Packets are enqueued in FIFO order until the queue reaches its configured limit. At that point, any new packets are tail-dropped (discarded). The sender must retransmit those packets. Once the scheduler transmits enough packets and the queue depth falls below the limit, enqueuing resumes.

Enqueuing resumes after the scheduler transmits enough packets and the queue depth falls below the limit.

Workflow

These stages describe how the tail-drop process protects buffer memory on an egress queue.

  1. When the queuing subsystem enqueues a packet, it is accepted if the queue depth is below the queue limit.
  2. When a new packet arrives and queue depth equals the queue limit, the packet is tail-dropped and the sender must retransmit.
  3. The scheduler transmits packets in FIFO order from the output queue. If the queue depth falls below the limit, packet enqueuing resumes.
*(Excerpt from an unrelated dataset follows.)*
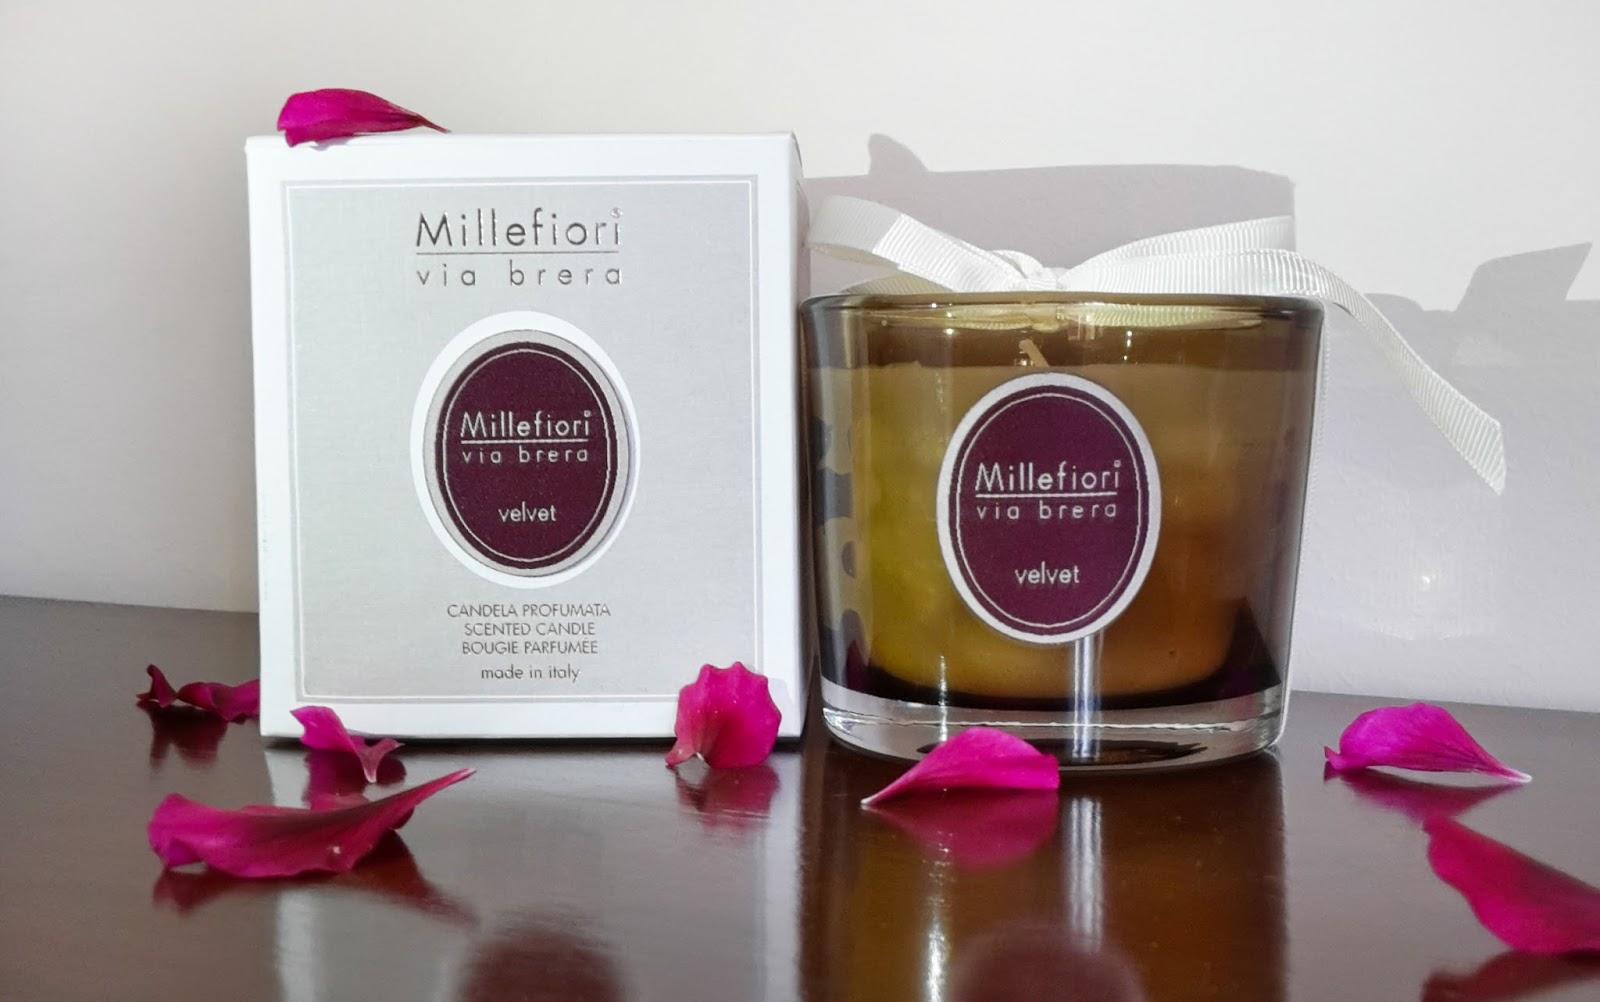 Candele Da Giardino Milano : Candle s u cbru e millefiori milano pier ef fect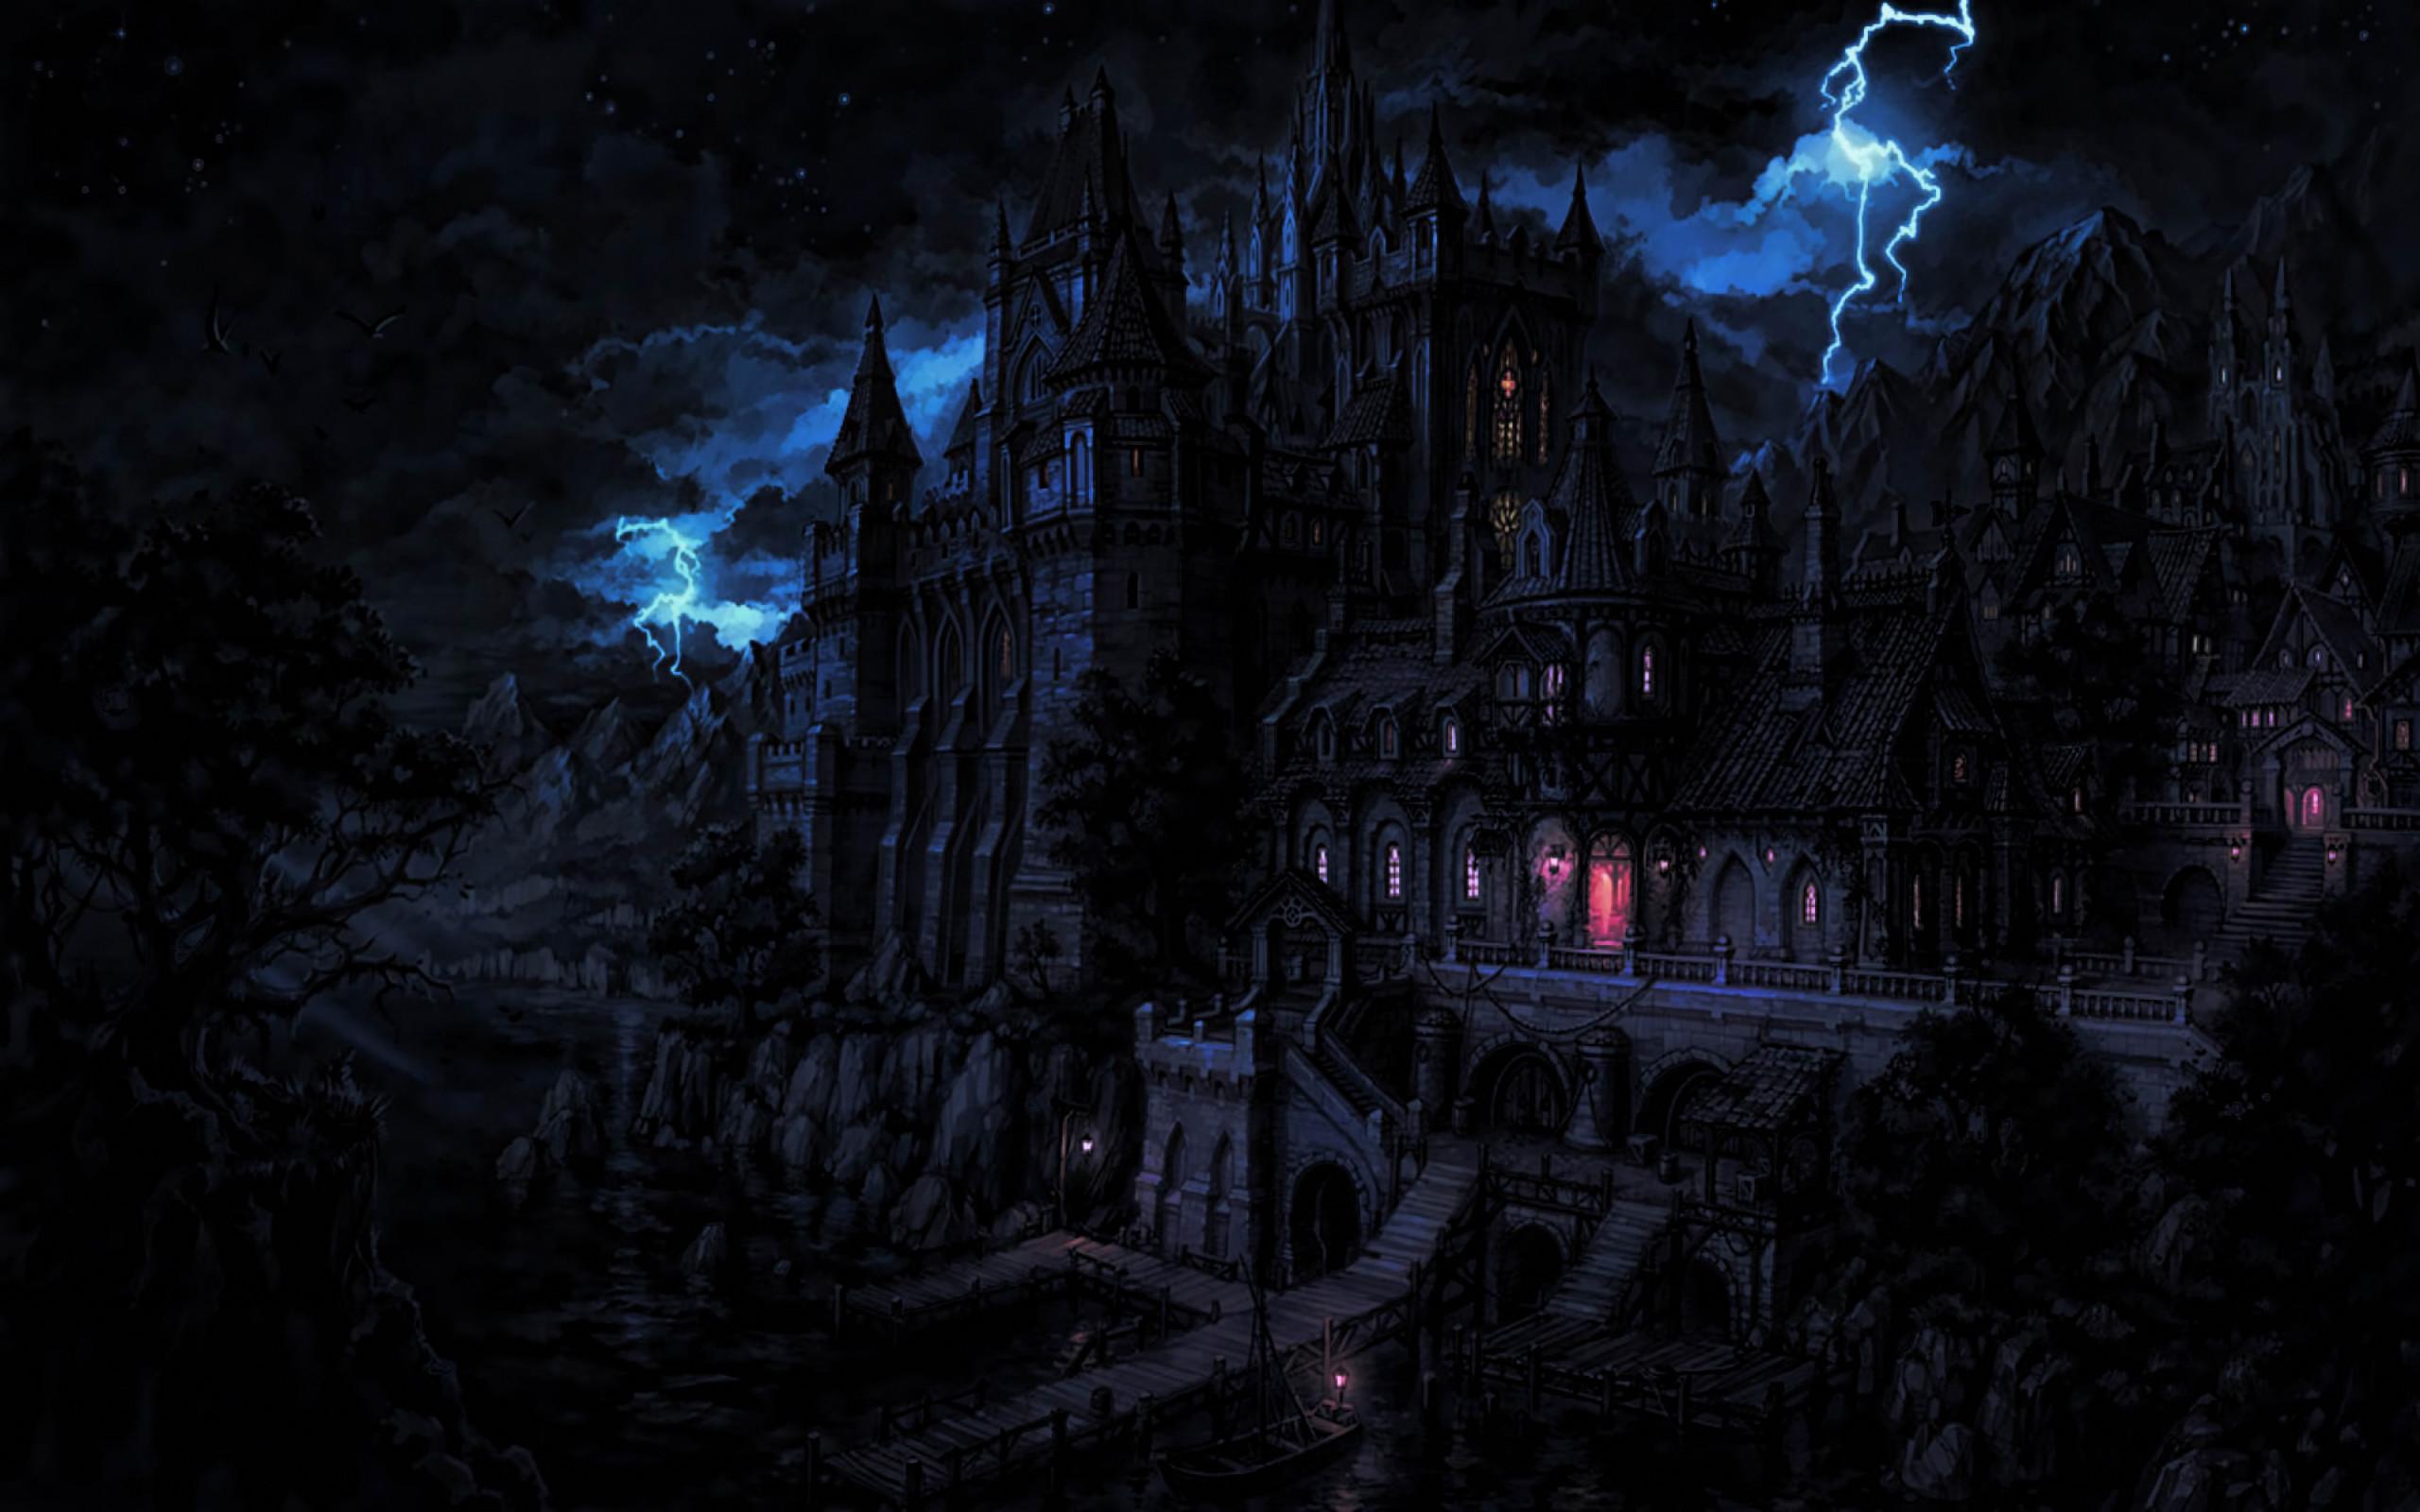 Vampire-Castle-High-Definition-xk-x-px-MB-

Guidelines for configuring tail drop thresholds

Always configure queue-limit with priority, shape average, bandwidth, or bandwidth remaining. The only exception is for the default class. If you do not follow this approach, the router rejects the policy commit.


Efficient use of rate class profiles with tail drop thresholds

Fine-tune tail drop threshold values so that multiple traffic classes can share the same rate class profile.

This principle applies when configuring tail drop thresholds on routers where each ASIC supports a maximum of 64 rate class profiles. Rate class profiles define performance characteristics such as bandwidth limits, priority levels, queuing policies, and drop thresholds.

Because each ASIC can support only 64 rate class profiles, creating a unique profile for every traffic class quickly consumes available hardware resources. By allowing multiple traffic classes with the same tail drop threshold to share a profile, you conserve hardware resources and design a more scalable system.

If you configure each traffic class with a unique tail drop threshold, the device may exhaust the limited pool of available rate class profiles. This can lead to inefficient hardware utilization and restrict further QoS configuration flexibility.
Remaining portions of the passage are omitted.